Saturday, April 19, 2014

National Assembly and indigene clause, By Olugbenga Ademodi

Published:

As an expert on Indigenous Peoples’ Status and Rights and author who has published book on the Rights and Status of Indigenous Peoples’ in Nigeria, an academic research that spanned six years, I hereby contribute this piece addressing the latest proposed amendment to the 1999 Constitution concerning insertion of Indigene Clause in the constitution which will confer indigenous status on any citizen of the country, who has lived in an area for 10 years, thus making the visitor become an indigene of the host community.

Based on various indigenous peoples definitions propounded by United Nations, World Bank and a host of experts on the subject, it has been established that for any group of person to claim “indigene status” the following conditions must be met:

(1)  Proof must exist to show that the group was “traditionally regarded” as the first inhabitants of the said territory, and they must have a special relationship or tie with the land.

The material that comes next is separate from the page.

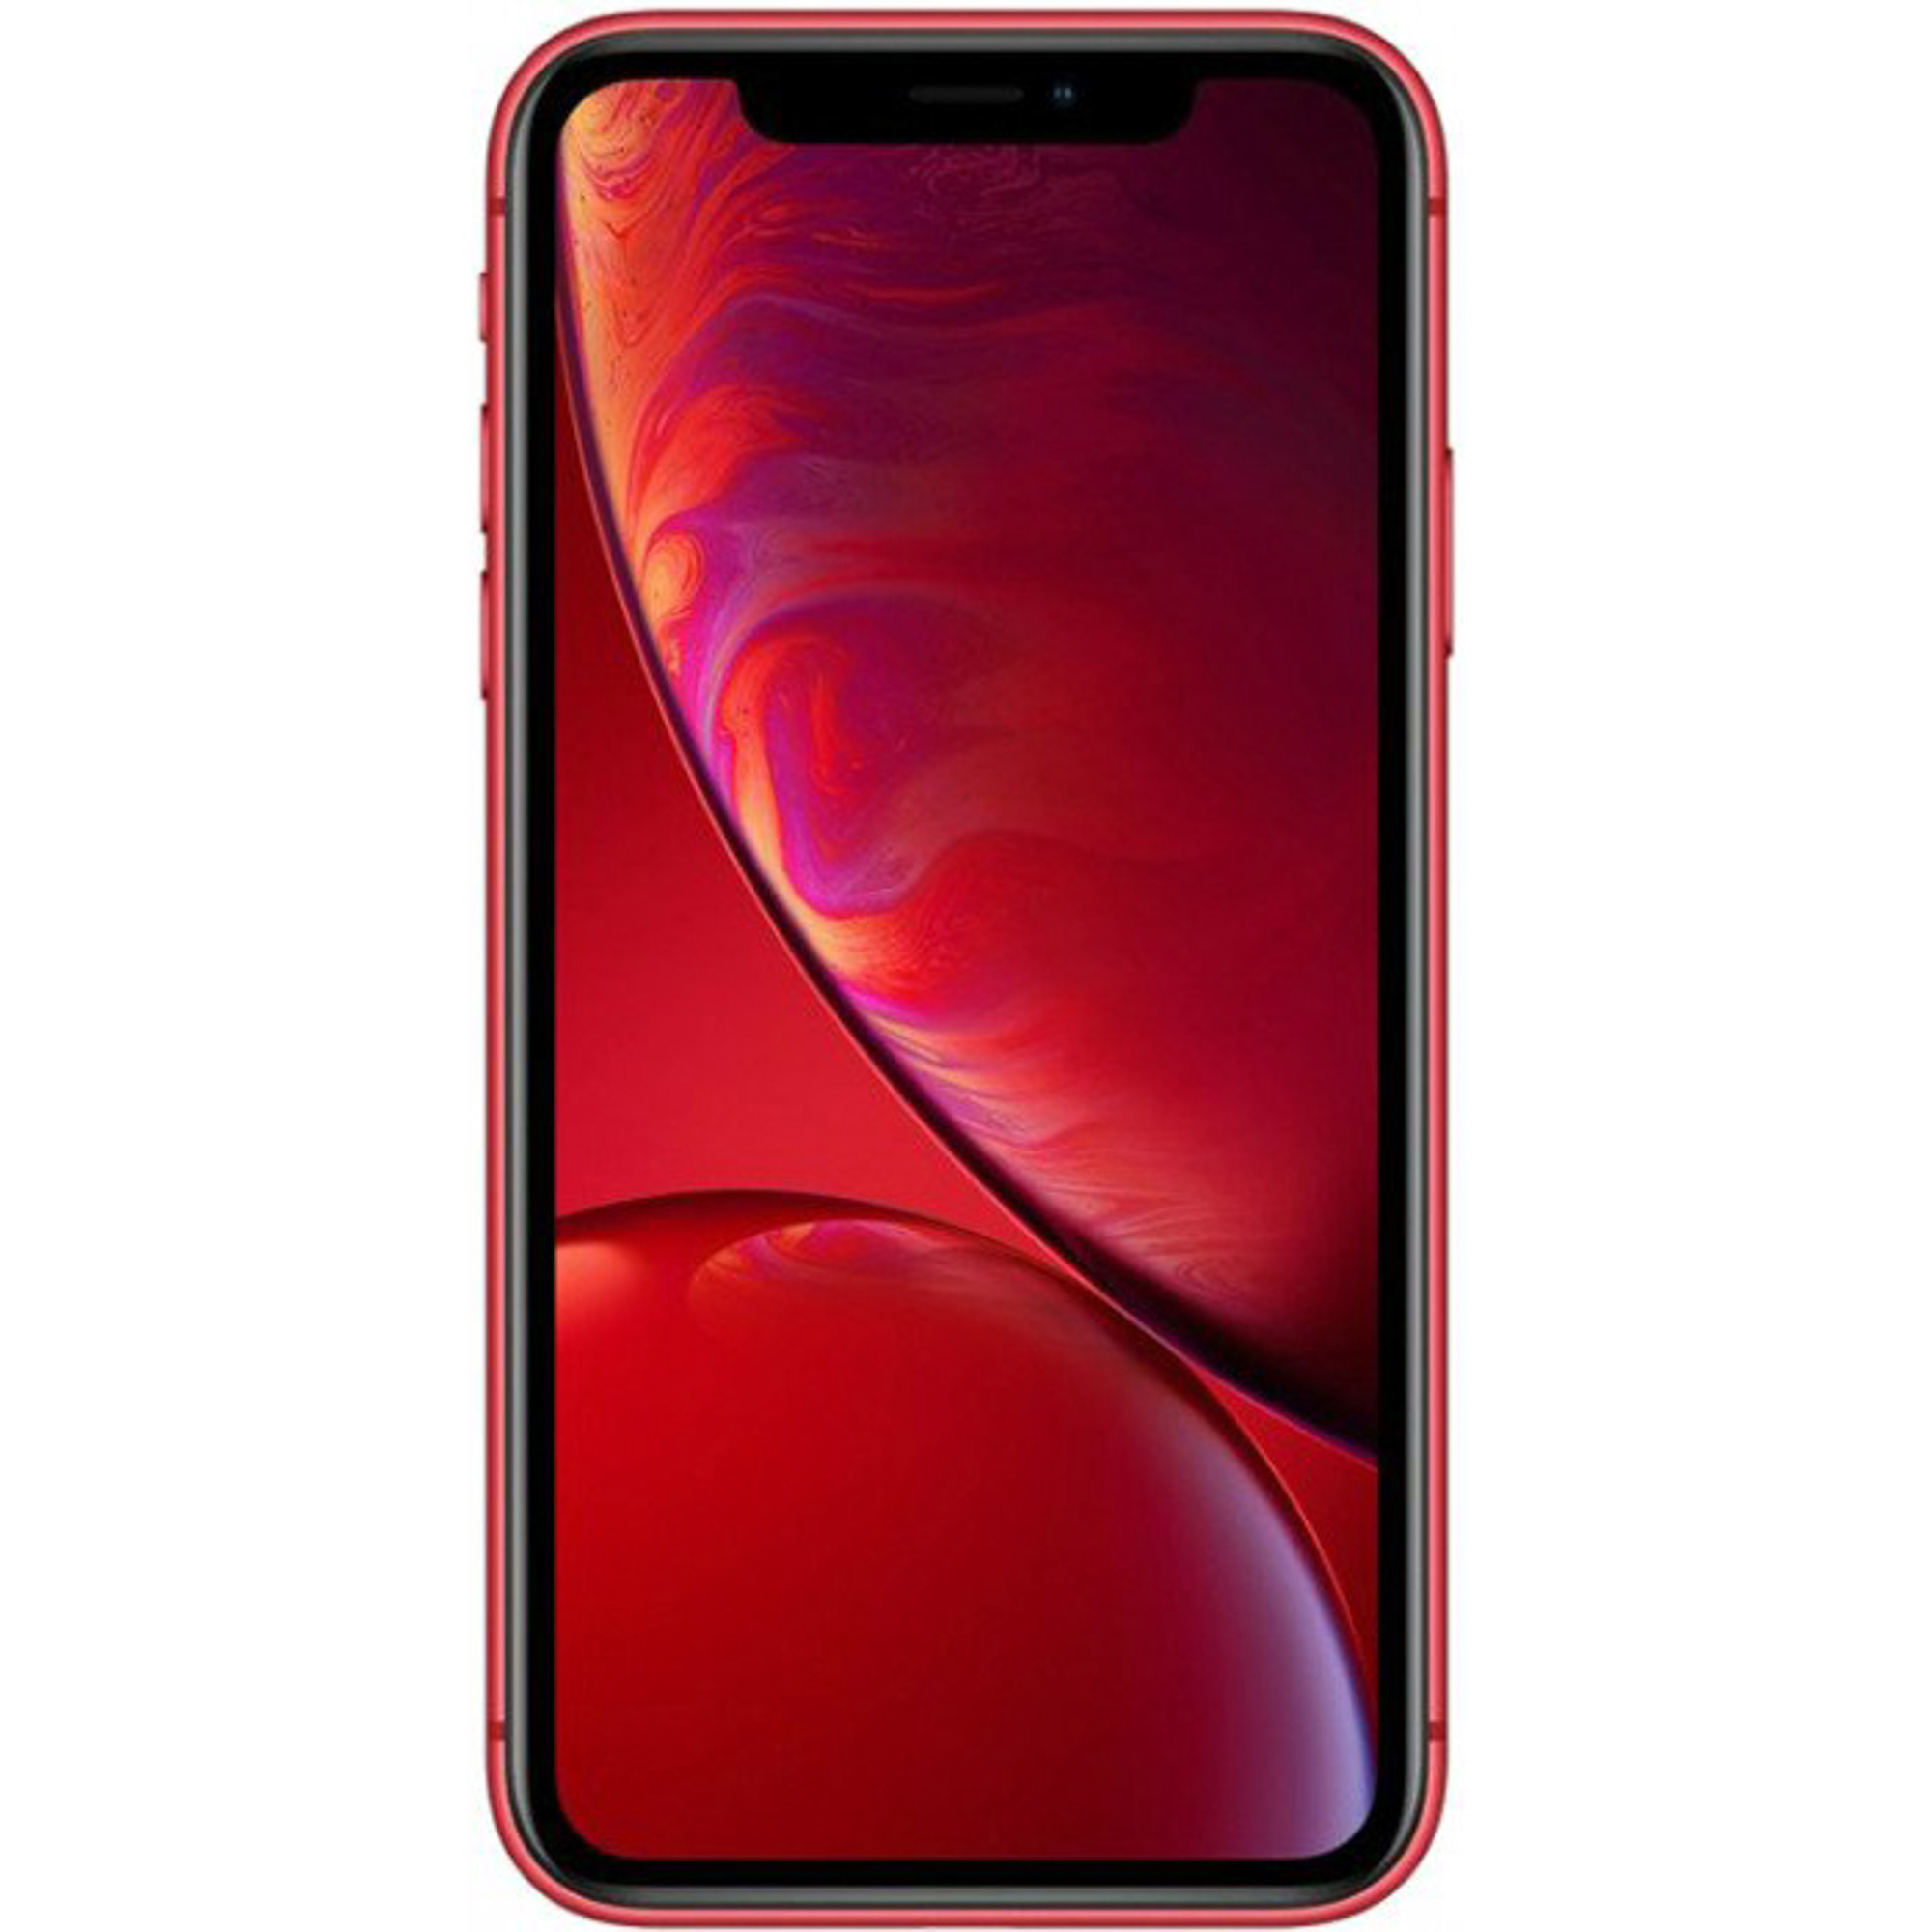 Смартфон Apple iPhone XR 64Gb Red, цвет красный MRY62RU/A A12 Bionic - фото 1

(2)  There must be proof of age-old subsistence economy by the group.

(3)  The group must be vulnerable, in otherwords they must be defenceless against the dominant group of the society; and

(4)  The group must be seen to be culturally distinct from the dominant society.

Objectively, the first condition is the only one relevant to the “indigene clause” issue and therefore will be examined solely. While the proposal before the National Assembly looks “genuine” on the surface, attainment of indigene status goes deeper than that, in otherwords, people desirous of indigene status must prove that “they are traditionally regarded” as the first inhabitants of the said territory and they must also have a special relationship or tie with the land.

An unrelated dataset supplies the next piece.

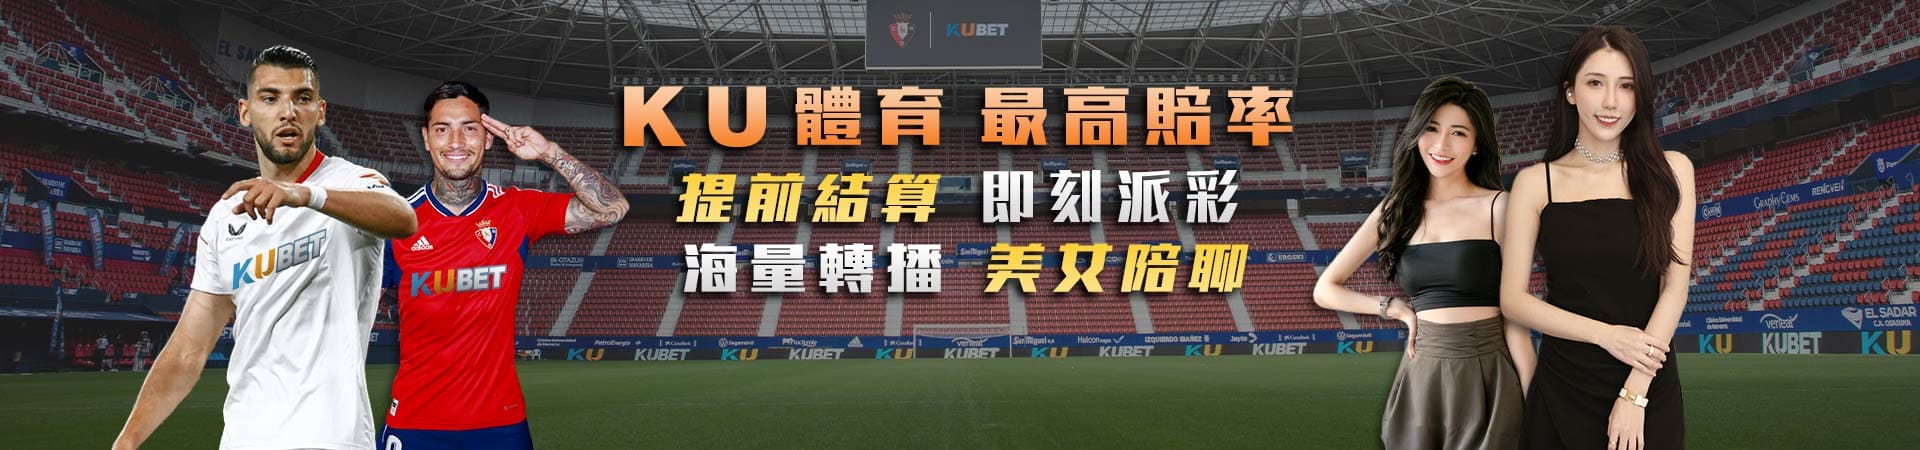 KU台灣運彩球版投注公式重點、球隊與球員的勝率數據分析法

The requested proof could be evidenced by age-long land-based religion or worship centers, burial grounds or graves of their fore-fathers. The fact of being descendants of the first inhabitants has to be proven by group of people claiming to be indigenes. This is where the World Bank characteristic stressing self-identification and identification by others comes into play. Group desirous of indigene status must be self-identified and identified by others as members of a distinct cultural group.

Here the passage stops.